Музыкальная манера Дебюсси моментально околдовывает Лероля, который со знанием дела замечает все ее изящество, мощь и новизну. У него чутье на гениев. Очень скоро в нем рождается уверенность, так же как о Дега: Дебюсси не довольствуется одним дарованием. Хотя самому Леролю хватает таланта для того, чтобы держать в руках кисть, он умеет без ревности распознать гениальность других. Этот богатый буржуа знает толк в друзьях. Он проявляет большую проницательность не только в музыке, живописи и скульптуре, но и в литературной сфере. Он бывает лишь у избранных поэтов. Большинство из них дружит с Дебюсси: Пьер Луис частенько заходит на авеню Дюкен (без дамского сопровождения), как и Поль Валери, еще не избавившийся от своего провинциального акцента (он — уроженец города Сет, на юге Франции) и пока еще мало что написавший. В число друзей дома входит также Андре Жид. Дебюсси в письме к Леролю говорит, что тот со своей «робкой грациозностью и английской вежливостью напоминает старую деву».
Анри де Ренье со вставленным в левый глаз моноклем и длинными усами: его «Старинные и романтические поэмы» навеяли Дебюсси несколько «Ноктюрнов» и «Сцен в сумерках». Или Стефан Малларме в сопровождении своей супруги и дочери, Женевьевы, которая дружна как с Ивонной, так и с Кристиной и подолгу шушукается с ними за спиной господ. Именно в доме Лероля, вокруг рояля, смыкается кружок друзей: художники и писатели слушают, как Дебюсси исполняет еще неизвестные отрывки из своих композиций. «Думаю, сцена у грота вам понравится, — пишет он хозяину дома в 1895 году. — Я пытаюсь передать все таинство ночи, когда в глубокой тишине слышится беспокоящий звук потревоженной в своем сне травы, потом долетают звуки близкого моря, которое жалуется Луне, а Пелле-ас и Мелизанда побаиваются произнести слово в таком таинственном окружении».
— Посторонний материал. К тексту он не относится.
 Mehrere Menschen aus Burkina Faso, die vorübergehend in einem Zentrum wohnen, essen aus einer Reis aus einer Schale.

Премьера его музыкальной драмы в пяти актах и тринадцати картинах состоится только в 1902 году в Опера-Комик, дирижировать будет Андре Мессаже. Для всех меломанов Франции и за ее пределами это станет «одним из величайших событий века». В атмосфере вагнеромании, охватившей музыкальный небосклон в ту эпоху, опера «Пеллеас и Мелизанда» развяжет жесткую полемику и будет освистана. Сторонники и противники Дебюсси перессорятся, обсуждая речитатив в диалогах; отсутствие певческих ансамблей или использование тональной гаммы, далекой от фразировки Вагнера, шокирует большую часть любителей лирического искусства. Дебюсси пишет Леролю: «Я воспользовался, впрочем, совершенно спонтанно, приемом, который представляется мне довольно редким, то есть безмолвием как средством выражения, и, возможно, единственным способом подчеркнуть эмоциональность фразы».
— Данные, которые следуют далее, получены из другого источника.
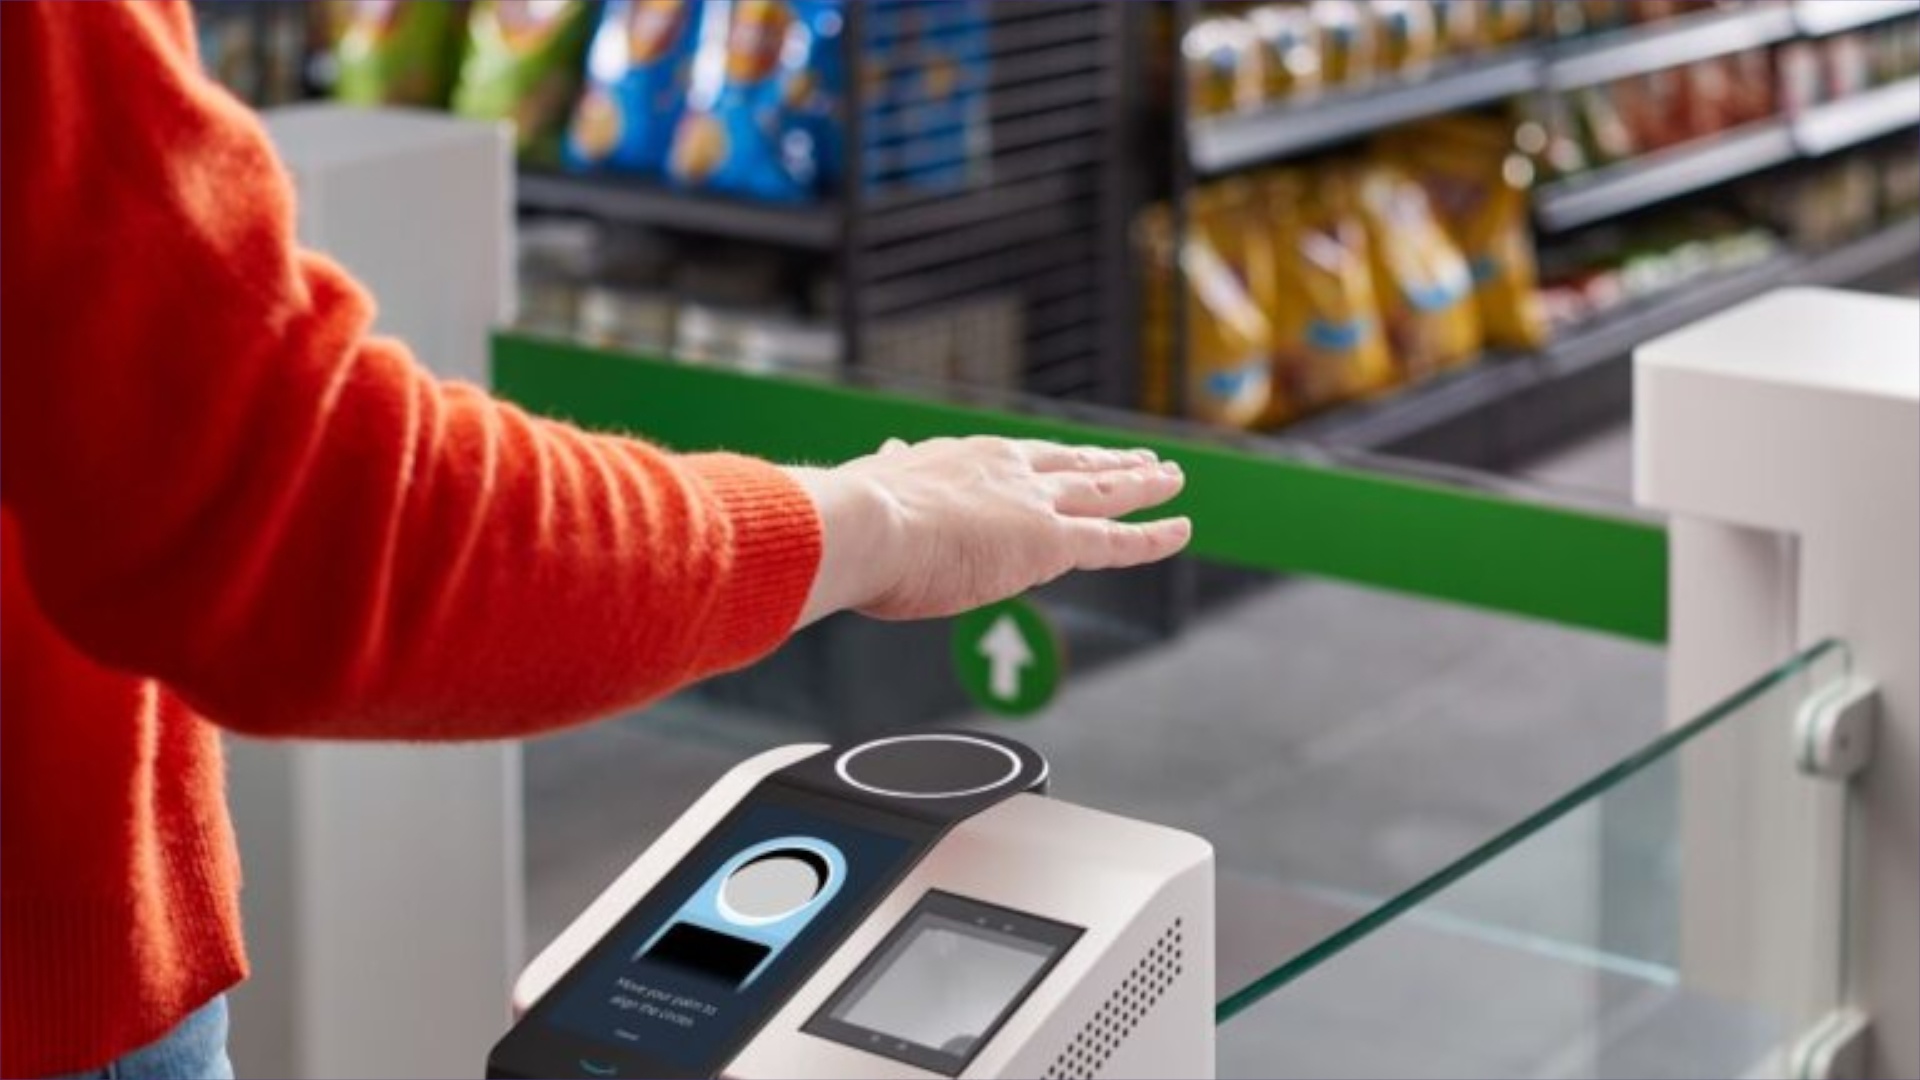 Eure Hand könnte bald reichen, um im Supermarkt zu bezahlen

Мало кто поймет его новшество. Еще меньше будет тех, кого захватит неуловимая и легкая красота этого противоречивого произведения. Заклятым врагом композитора окажется сам автор либретто — Морис Метерлинк. В ярости поэт напишет открытое письмо Дебюсси, которым приговаривал его оперу — их оперу — к «провалу»! Он будет угрожать музыканту «взбучкой» и даже спровоцирует дуэль, которая, к счастью для того и другого, не состоится. Метерлинк, тренируясь у себя в саду в стрельбе из пистолета, удовольствуется тем, что пристрелит своего кота! Его ярость объяснялась граничащим с неприятием непониманием таланта Дебюсси, по мнению которого «Метерлинк с точки зрения музыки ведет себя, как слепой в музее». Но к неприятию примешивалась злопамятность: Дебюсси в последний момент лишил партии Жоржетту Леблан, белокурую певицу и, как оказалось, любовницу Метерлинка, которая должна была исполнять роль Мелизанды, заменив ее Мэри Гарден, чье имя отныне нераздельно связано с его музыкой.
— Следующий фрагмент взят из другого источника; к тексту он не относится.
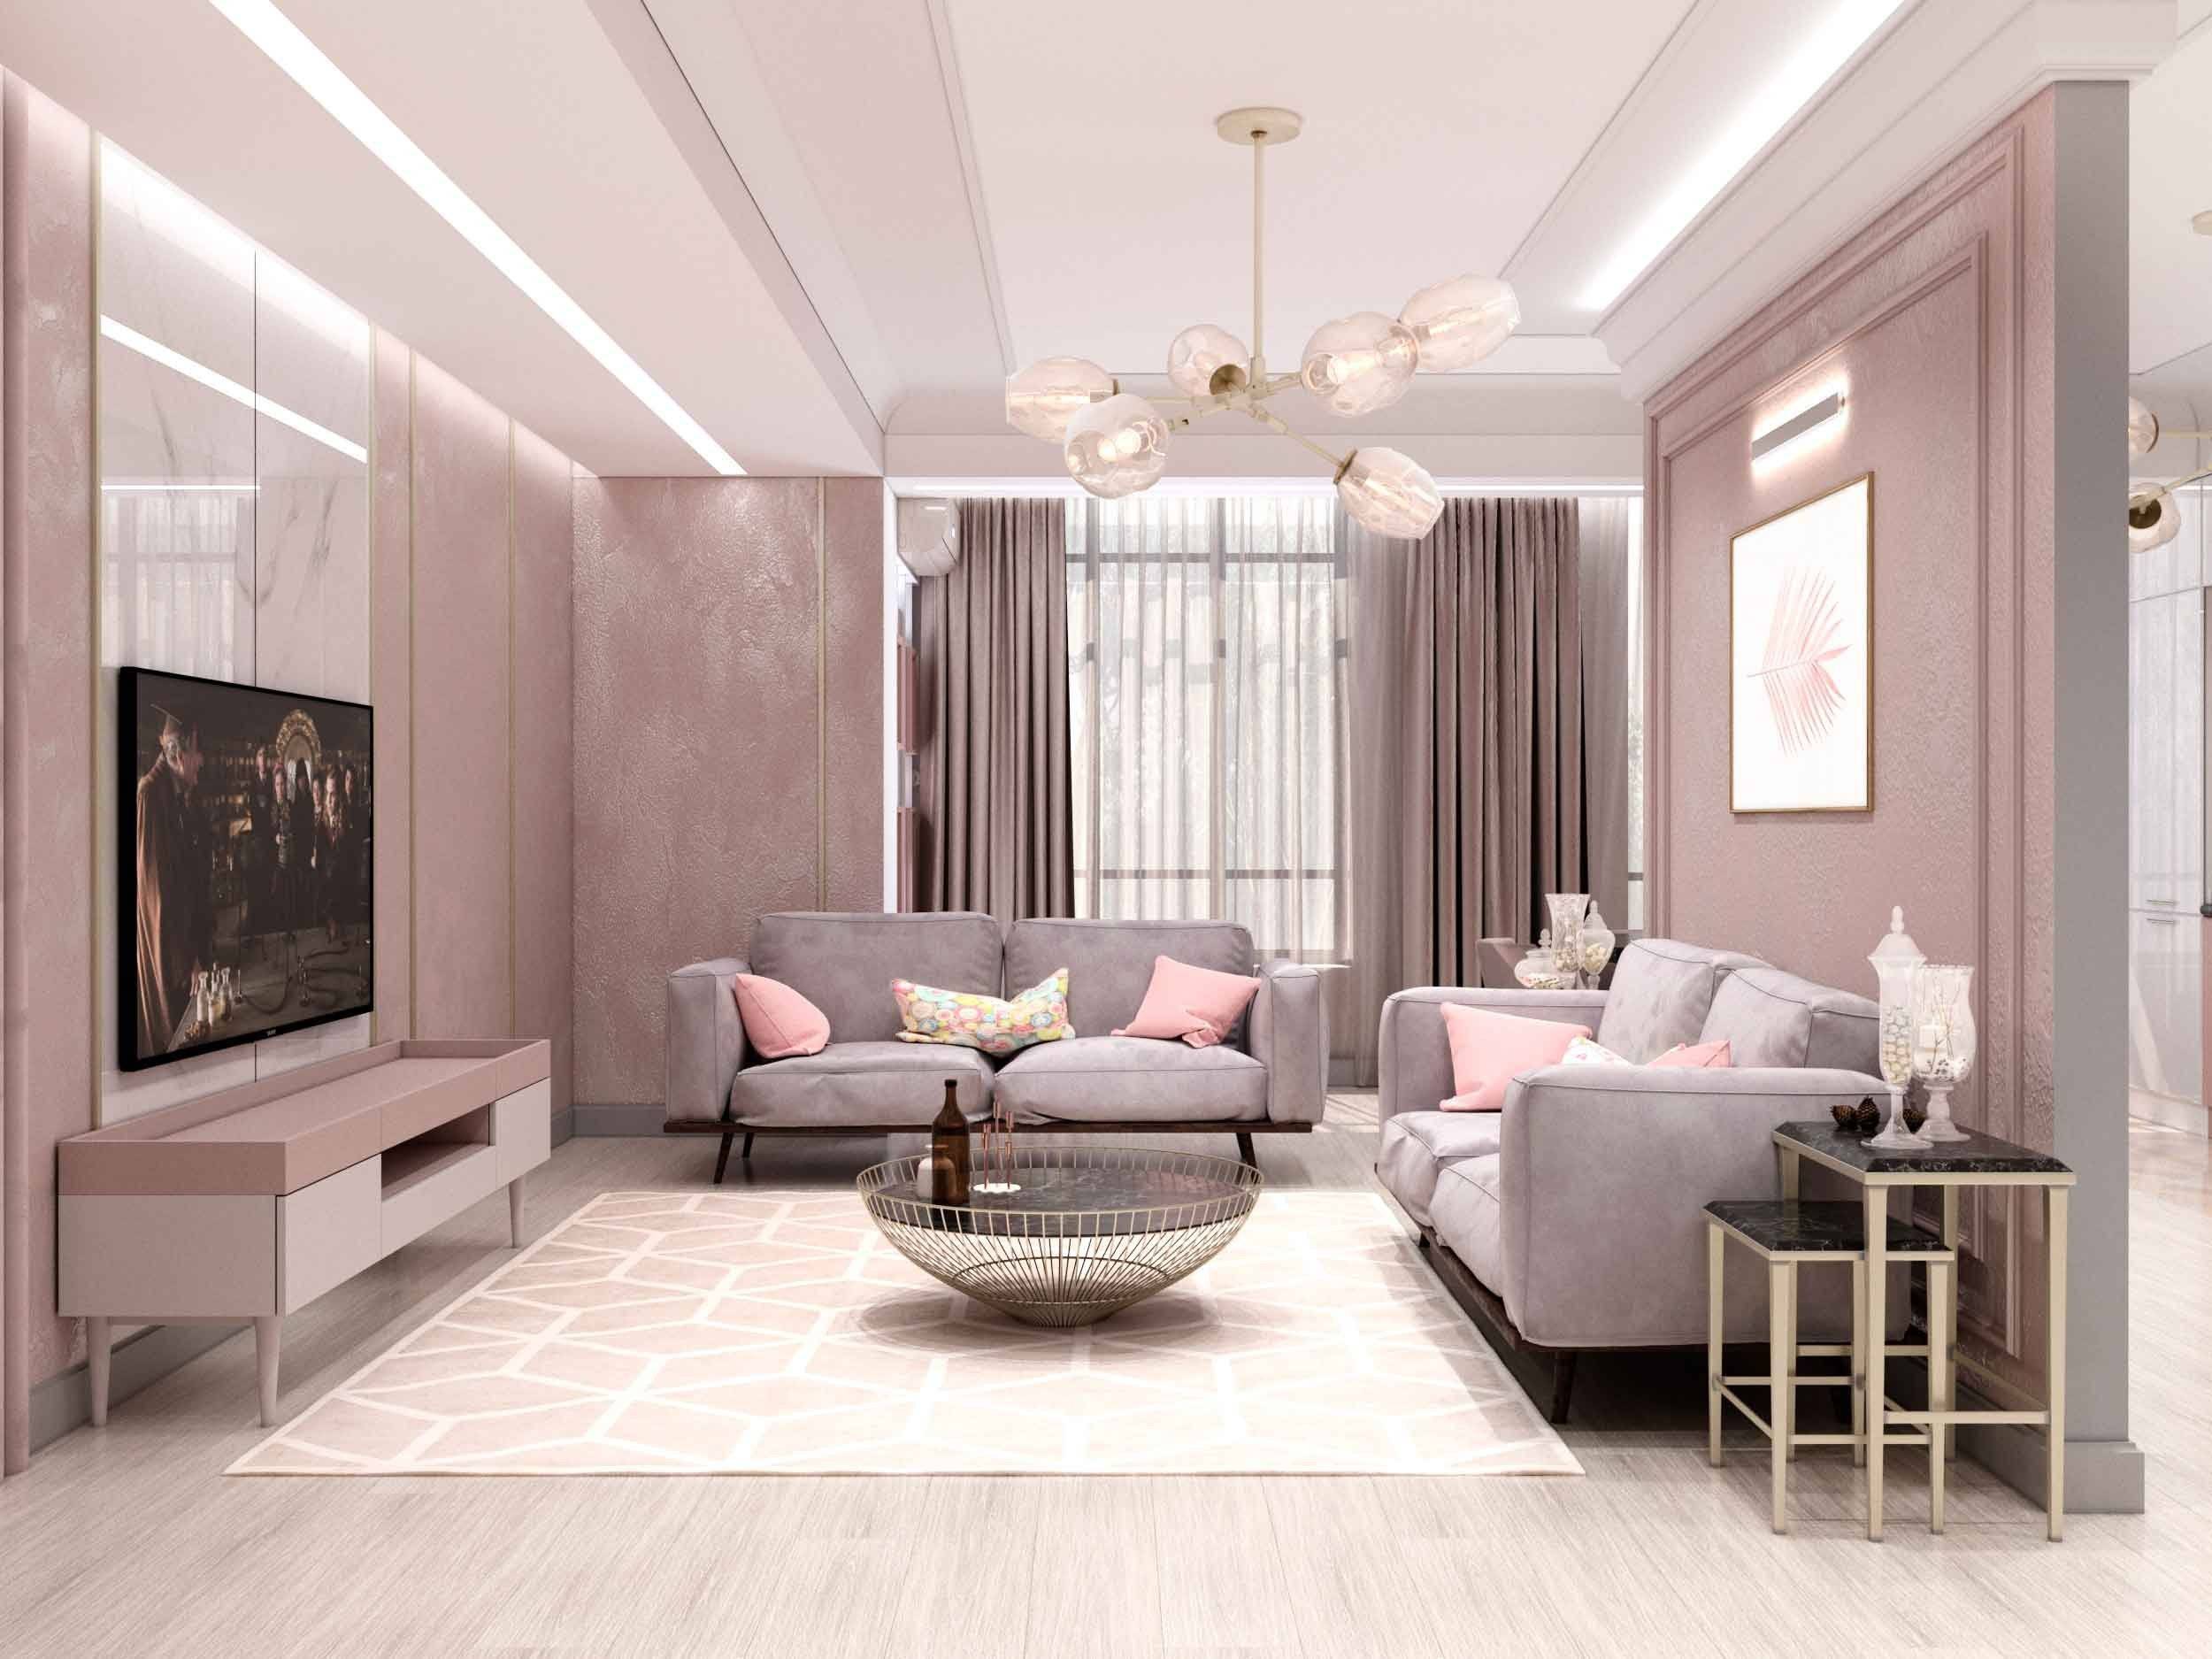 Новинки дизайна интерьера гостиной 2020 года - отделка потолков, стен и полов. выбор мебели и освещения. цветовые решения при дизайне гостиной (фото + видео)

Музыкальный стиль Дебюсси по сердцу Леролю. Ему понятно все, вплоть до безмолвия. Того, кто мог сказать о картине «ее душа вливается в нашу жизнь», привлекает в этом стиле изящество, чувственность и, несомненно, тайна. Музыка с ее духовностью тоже часть тайны. «Дебюсси сказал мне, что есть только один художник, разбирающийся в музыке, и это я», — пишет он Шоссону.
Шоссон, познакомивший Лероля и Дебюсси, неожиданно вносит разлад в их исключительные отношения, в их мелодичный дуэт. Сначала небосклон окрашен в столь любимую Малларме лазурь.
Шоссон и Дебюсси ладят между собой и относятся друг к другу с уважением, отнюдь не считая себя соперниками. Шоссон написал «Поэму любви и моря», утонченная гармония и импрессионистские аккорды которой навеяли Дебюсси его этюды «Море». По общему согласию мелодиям Вагнера они предпочитают русскую музыку, несмотря на то, что Дебюсси со страстью распевает арии из «Парсифаля» или «Тристана и Изольды». Оба любят Мусоргского, которого ставят очень высоко. Наконец, оба с одинаковым чувством играют на фортепиано, при этом Шоссон играет изящнее, а душа Дебюсси превращает музыку в океан чувственности.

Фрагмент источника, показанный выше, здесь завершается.